Curried Fish Stew with Sweet Potatoes
- 2 medium sweet potatoes peeled sliced 2 cm thick
- 3 medium carrots cut into 1.5 cm rounds
- 45 ml olive oil divided
- 45 ml lemon juice
- 4 ml turmeric powder
- 3 ml sea salt
- 1 small fresh serrano chili minced
- 500 g skinless white fish fillets cut crosswise
- 1 medium yellow onion chopped
- 2 cloves garlic minced
- 25 ml freshly grated ginger
- 1 large fresh tomato diced
- 150 ml low sodium chicken broth
- 150 ml light coconut milk
- 1 tsp toasted cumin seeds
- 1 tsp lemon zest
- Fresh cilantro for garnish
- 1 Set the oven rack midlevel. Heat oven to 210 C (410 F).
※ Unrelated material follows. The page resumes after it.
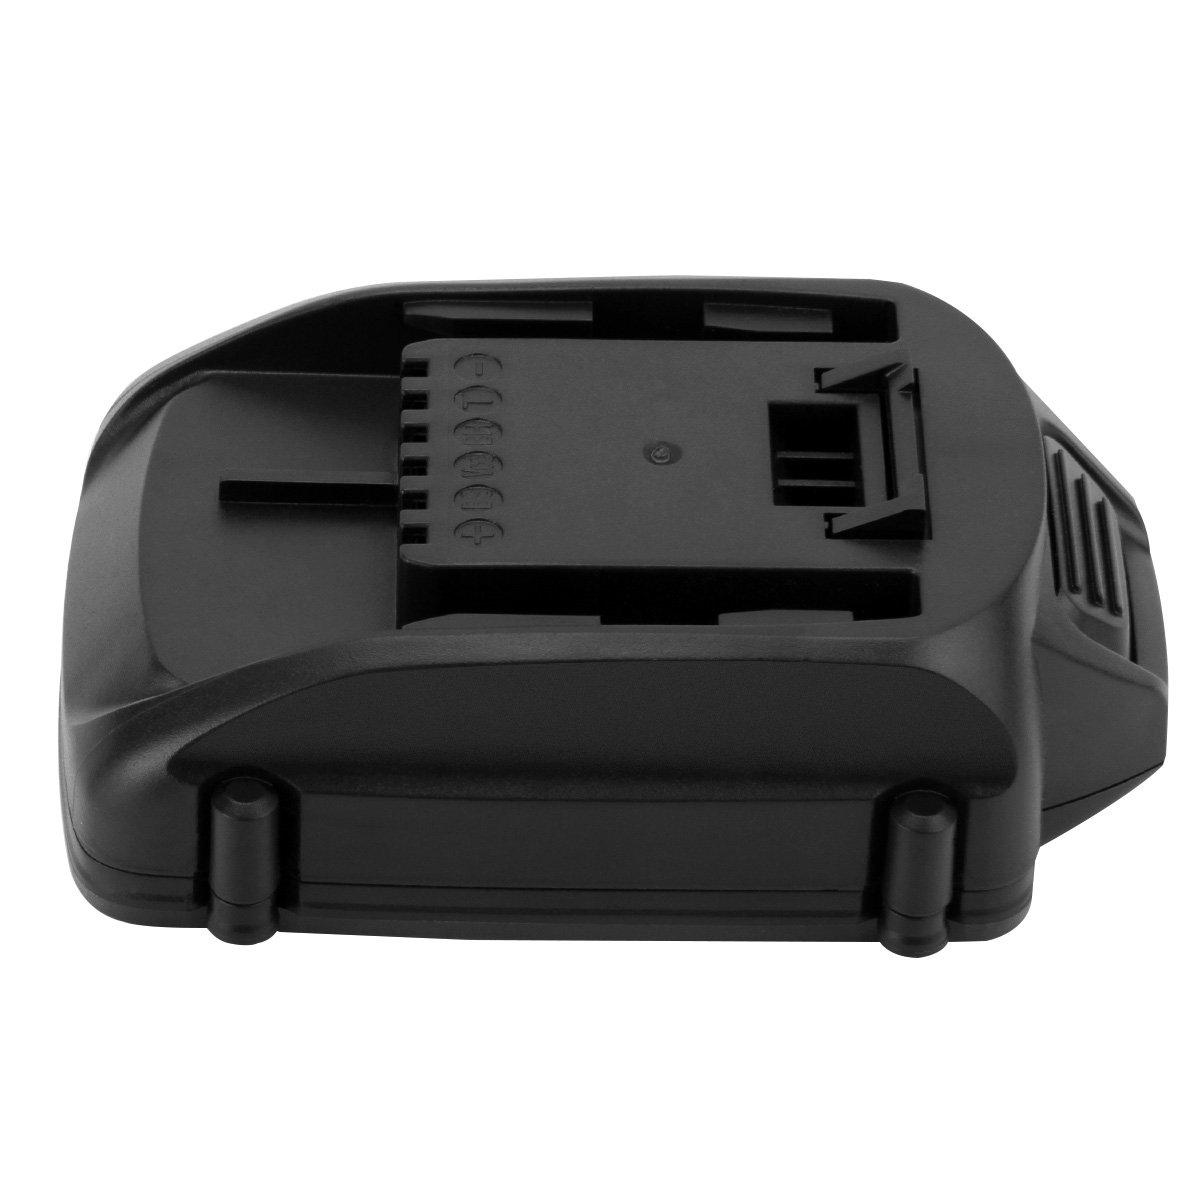 Shentec 18V Replacement Battery for Worx WA3512, 3000mAh Li-ion Battery  Pack - - Amazon.com

Line baking tray with parchment.
- 2 Toss sweet potatoes and carrots in half the oil. Season lightly with salt. Spread in single layer. Roast 35 minutes or until barely tender.
- 3 Meanwhile stir lemon juice turmeric salt and chili in shallow bowl. Add fish pieces turning to coat. Rest 7 minutes.
- 4 Heat remaining oil in large skillet medium high. Add onion garlic ginger. Cook stirring 3-4 minutes until fragrant and edges color.
- 5 Tip in fish with marinade, then diced tomato, broth and coconut milk. Simmer gently 6-9 minutes until fish is opaque and sauce slightly reduced.
- 6 Off heat toss in lemon zest and toasted cumin seeds. Let sit 5 minutes to meld flavors.
- 7 Serve fish with veggies on side. Sprinkle cilantro over top. Optional lime wedges to squeeze.
Frequently Asked Questions
Can I make this as a fish curry fish curry instead of a stew? Sure. Add more coconut milk. Maybe another 100 milliliters. The vegetables soften more. Everything gets saucier. Some people prefer it that way. Not a recipe to make fish curry the way a restaurant does—more sauce, less vegetable—but it works.
What if I don’t have white fish? Salmon works. Takes the same time. Flavor changes—salmon is richer, earthier. This curried fish stew recipe works with anything that’s 2 to 3 centimeters thick and doesn’t flake apart. Halibut. Grouper. Tilapia. Pick what’s fresh.
How long does it keep? Three days in the fridge. The fish gets softer each day. Still edible. Tastes fishier after day two. Freezing works but texture suffers. The fish gets mealy when thawed. Better to eat it fresh.
Can I skip the oven roasting and just add the vegetables raw to the stew? No. The roasting sweetens them. Caramelizes the edges. Raw sweet potato in the stew stays hard and watery. You’d need another 20 minutes of simmering to soften them. At that point the fish is overdone. Roast first.
Is this a healthy fish and coconut curry? Yes. One bowl has maybe 300 calories depending on fish thickness. Protein-heavy. Coconut milk is light version, not full-fat. No cream. Vegetables are roasted in olive oil, not fried. Turmeric and ginger are anti-inflammatory. It’s the kind of fisherman’s stew that doesn’t pretend to be something else—it’s nourishing and tastes good.
Do I need cumin seeds or can I use powder? Toasted whole seeds. Ground cumin tastes stale almost immediately. Whole seeds hold their flavor. Toast them yourself in a dry pan for a minute. Cracks the skin. Releases the oil. Powder tastes like sadness by comparison.